Figure 17.18: Select your primer location file and choose whether you want to keep or discard reads with no matching primers. The option Trim primers of amplicon fragments is useful when working with reads that originate from short fragments.
- Amplicon fragment primer trim parameters
- Trim primers of amplicon fragments If you tick "Trim primers of amplicon fragments" all reads, regardless of orientation, can be trimmed with both forward and reverse primers.
- For read pairs mapping in the forward orientation (dark blue color) trim reads if:
- 5' end of Read 1 starts within a forward primer annotation
- 5' end of Read 2 starts within a reverse primer annotation
- 3' end of Read 2 ends within a forward primer annotation
- 3' end of Read 1 ends within a reverse primer annotation
- For read pairs mapping in the reverse orientation (light blue color) trim reads if:
- 5' end of Read 2 starts within a forward primer annotation
- 5' end of Read 1 starts within a reverse primer annotation
- 3' end of Read 1 ends within a forward primer annotation
- 3' end of Read 2 ends within a reverse primer annotation
- For read pairs mapping in the forward orientation (dark blue color) trim reads if:
- Primer trim parameters
- Primer track Click on the folder icon on the right-hand side of the wizard to select your primer location file.

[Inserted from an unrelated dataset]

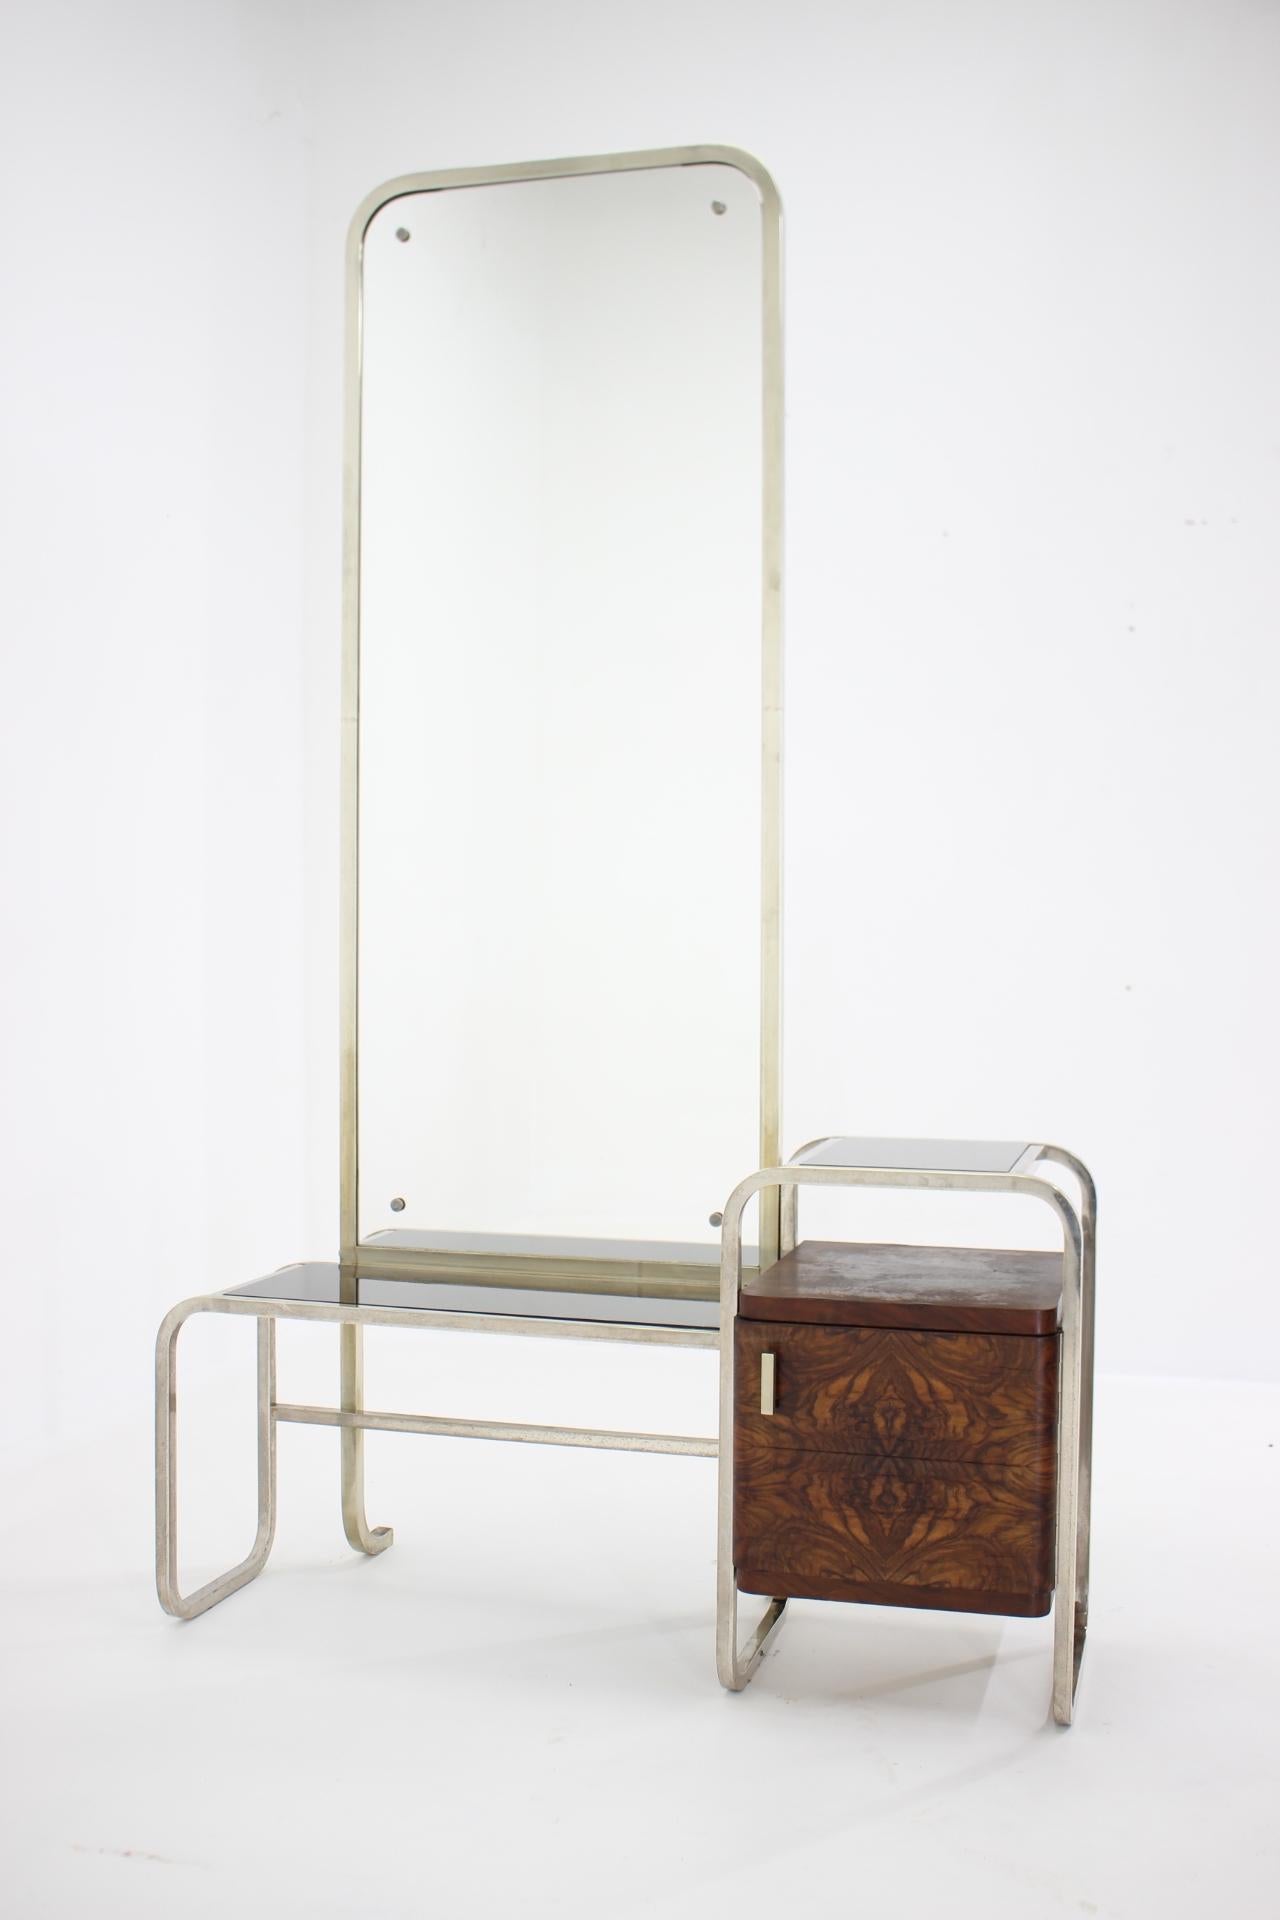 Czech Chrome Art Deco Bauhaus Dressing Table, 1930s For Sale

- Minimal primer overlap fraction Specifies the fraction of the primer that must overlap with the read's aligned bases in order to record a primer hit. Setting the fraction to 0.0 will disable this requirement.
- Read handling configuration If you tick "Only keep reads that have hit a primer", reads with no matching primers will be discarded.
- Primer dimer trim parameters
- Reference Click on the folder icon on the right-hand side of the wizard to select your reference location file.
- Minimum primer overlap length The minimum number of bases that need to bind for primers to dimerize and amplify.
- Allow dangling 3' end base If you tick "Allow dangling 3' end base", a mismatch is allowed in the primer dimerization at the 3' end.
- Other parameters
- Additional bases to trim This number of nucleotides will be trimmed off a read right after the primer. This trimming is not done on reads for which primer-dimer artifacts were identified. This is set by default to 2 to avoid false positive calls and increase accuracy of the coverage calculation in the report.
- Trim primers of amplicon fragments If you tick "Trim primers of amplicon fragments" all reads, regardless of orientation, can be trimmed with both forward and reverse primers.
In the last wizard step, choose the results to save and and click on Finish.
Output of Trim Primers and their Dimers from Mapping
The default output is a read mapping with primer and primer-dimer regions of the mapped reads unaligned. The name of the read mapping generated is based on the name of the mapping used as input, with "trimmed reads" appended. Optionally, a track containing the primer-dimer regions used for trimming the reads will also be generated. This track contains information about why each primer-dimer pair was predicted and the number of times it was used to partially trim a read or to remove a read from the mapping because it consisted only of primer-dimer sequence.